Уточнение: действие рассказа происходит до того, как Реборн и другие аркобалено были прокляты, то есть Вонголой управляет Девятый, а Реборн - еще не младенец.
— Здравствуй. Ты опоздал. Я жду тебя уже пару дней. Кажется, ты не очень-то спешил.
— А у меня была причина приходить раньше? Кстати, тебе не кажется странным подобное поведение? Ты что, совсем не боишься?
— А чего мне бояться? Исхода? Он предрешен. Вперед, лучший киллер мира мафии Реборн. Заверши то, что должен.
— Ты хочешь умереть? Что ж, пожалуй, выполню твою просьбу.
— Это не просьба. Это принятие неизбежного.
В черных глазах мужчины вспыхивает и гаснет недоумение. Убийцам эмоции ни к чему. В зеленых глазах жертвы среди миллиона ледяных осколков безразличия теплится единственный теплый обломок. Обломок чувства удовлетворения от того, что ее лишит жизни именно он.
— Забавно. Меня еще никогда не ждали. У тебя была возможность скрыться, ты ведь лучший ученый семьи Инганнаморте. И именно ты разработала запрещенное оружие, из-за которого ваша семья подверглась гонениям. Что же ты не попыталась спастись? Деньги были.

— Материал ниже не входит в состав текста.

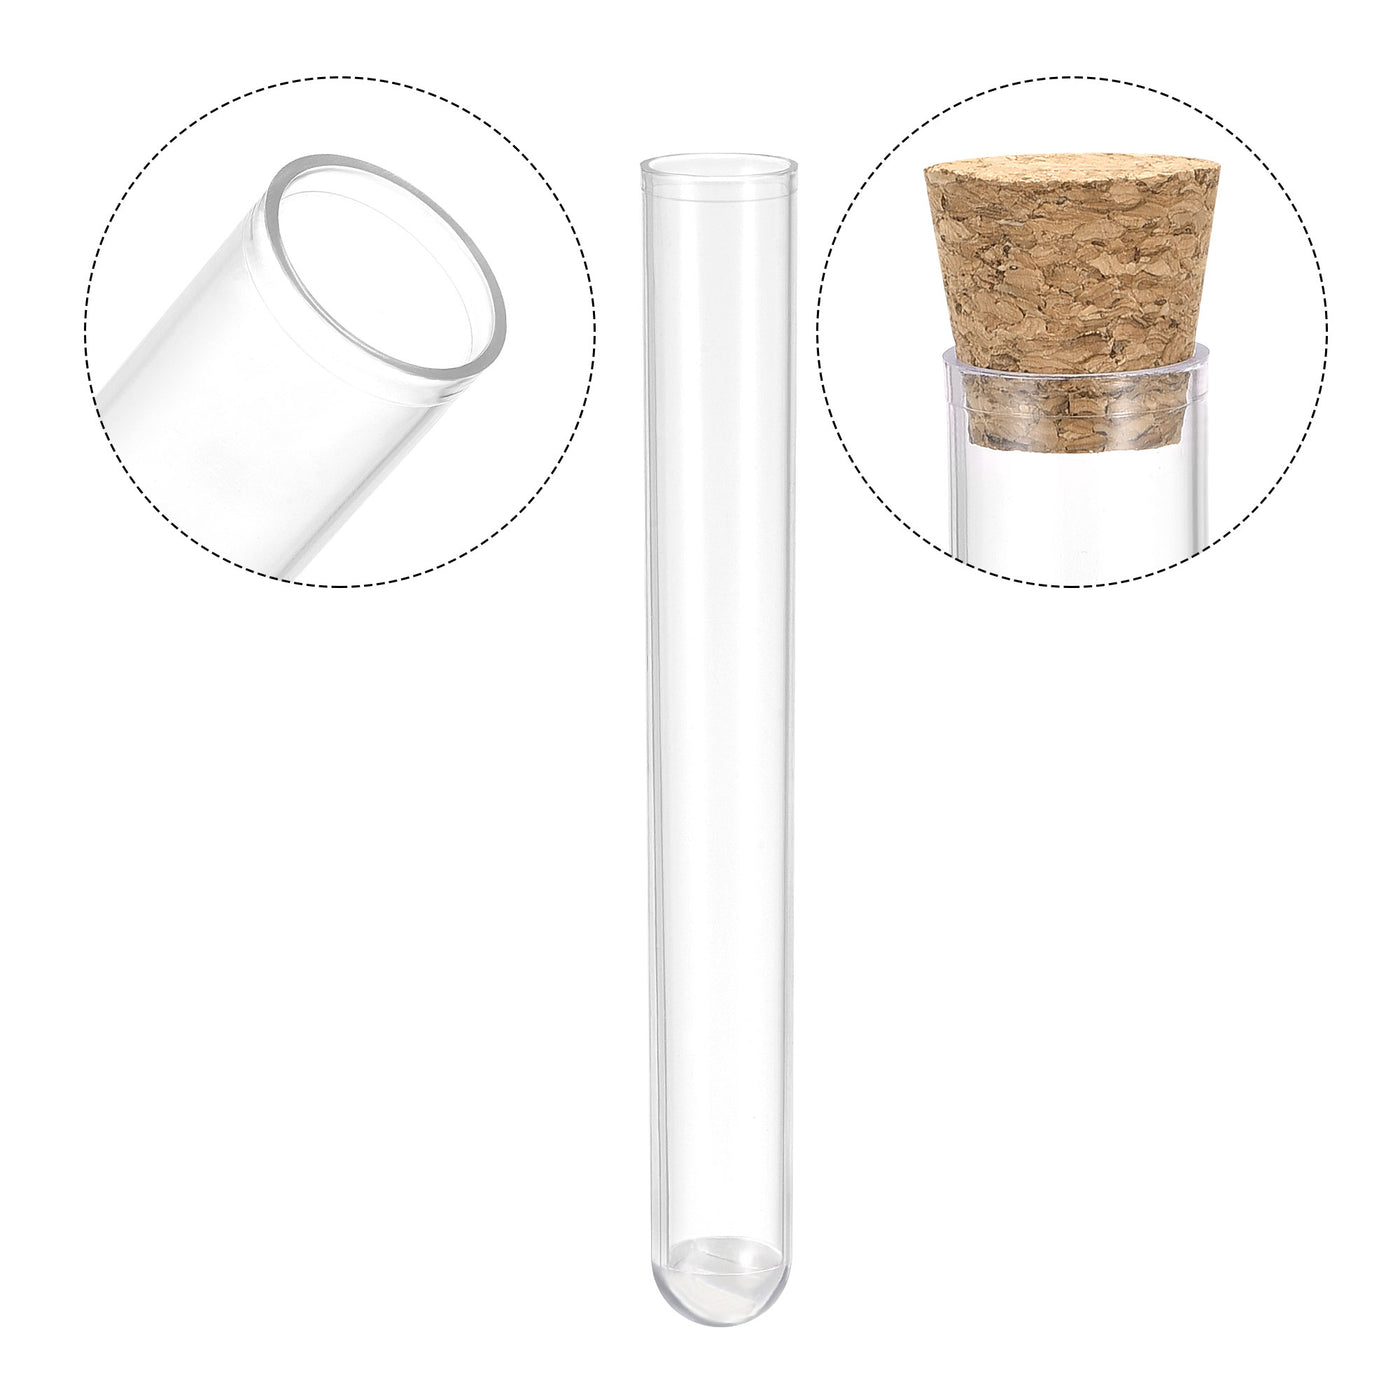 Uxcell Uxcell 30Pcs PS Plastic Test Tubes with Cork Stoppers, Round Base, 12x100mm

— Первое: от тебя всё равно не скрыться; второе: я не привыкла убегать от проблем, а за все свои поступки надо платить; и третье: я не считаю возможным бежать, поджав хвост. Но раз уж я вынуждена отвечать на твои вопросы, может, и ты ответишь на мой? Почему я еще жива?
— Потому что я должен убить тебя лишь после того, как люди Вонголы обыщут лабораторию. Уверен, вы хорошо припрятали свою разработку. Возможно, мне понадобится вытрясти из тебя ее местоположение. Впрочем, ты и так об этом знаешь.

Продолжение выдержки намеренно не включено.